A Piano:The Collection (Rhino)

Box Sets

Tori Amos

A Piano: The Collection (Rhino)

Tori Amos wasn't the first classically trained pianist and minister's daughter who radiated sexuality. She borrowed a bit of Patti Smith's fuck-off and Kate Bush's come-hither, but her female gaze looked straight into the subject. This 5-CD box set houses eight releases' worth of material, alternate mixes, rarities, and B-sides packaged with a track-by-track dissection by Amos. The extended Little Earthquakes, her 1992 debut, still feels raw, and opener "Leather" sums up her early career: "Look I'm standing naked before you." Earthquakes was a line in the sand, vitriol and purr from the maw of a fire-haired siren heard on the wrenching "Silent All These Years" and "Winter." 1994's Under the Pink is another example of the singer's forked tongue, especially "The Waitress," where she seethes her desire to kill a co-worker before the caveat, "But I believe in peace, bitch." The snaky "God" skewers Amos' Christian upbringing: "God, sometimes you just don't come through.
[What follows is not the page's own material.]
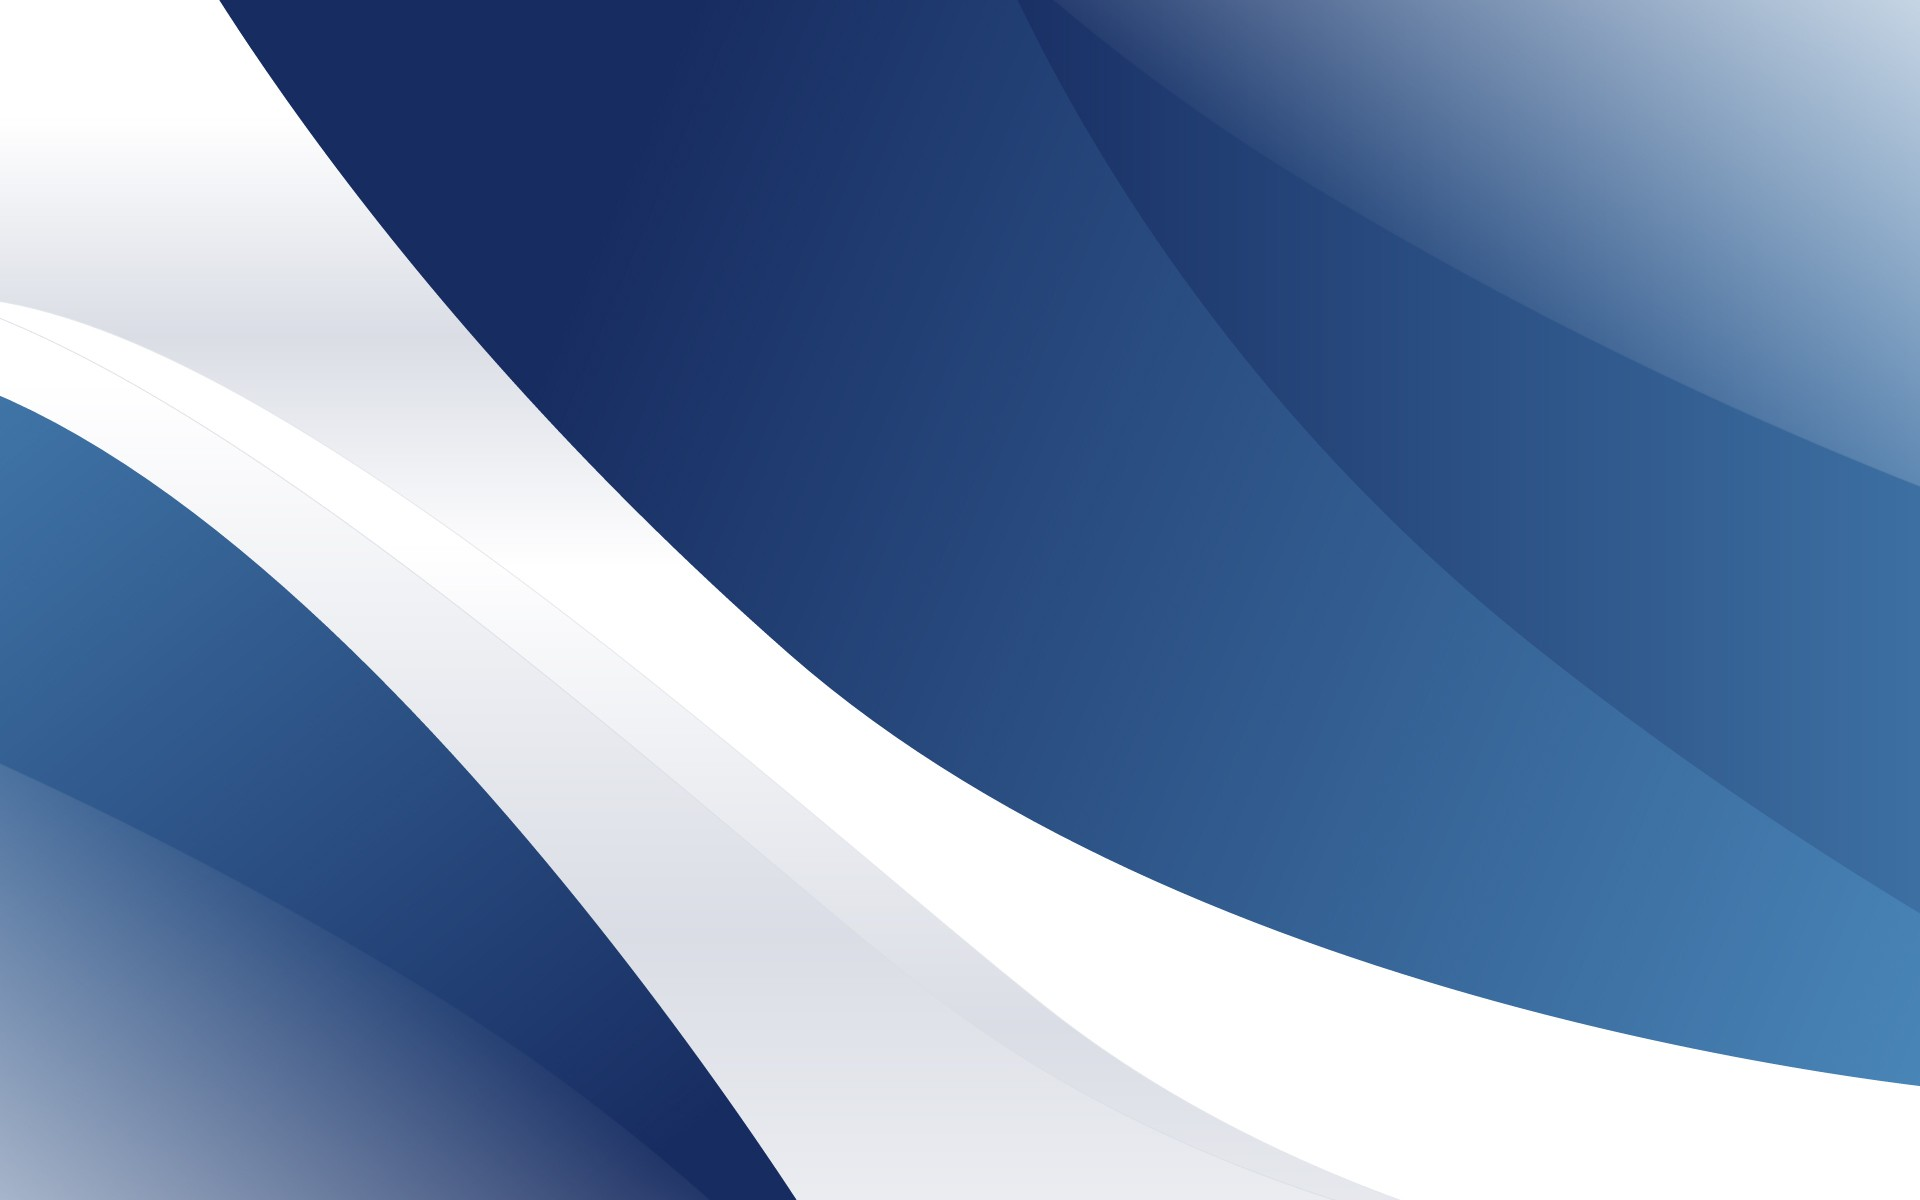 Free HD Light Blue Wallpaper

Do you need a woman to look after you?" And "Blood Roses" from 1996's gritty Boys for Pele, is like a Victorian death ballad, Amos pounding the harpsichord, groaning about chickens getting "a taste of your meat." Those three albums were awkward and beautiful in their anger, but her later albums rely more on theme and less on the soul laid bare – Scarlet's Walk was written after 9/11, while last year's The Beekeeper was obsessed with gardening – and with each, Amos seems to take on a different, more indulgent persona. The B-sides disc deserves attention: "Pool" is absolute communion, and the previously unreleased "Peeping Tommi" is inspired. Ultimately, A Piano: The Collection might make fans long for the days when "So you can make me cum. That doesn't make you Jesus" sounded truly sacrilegious.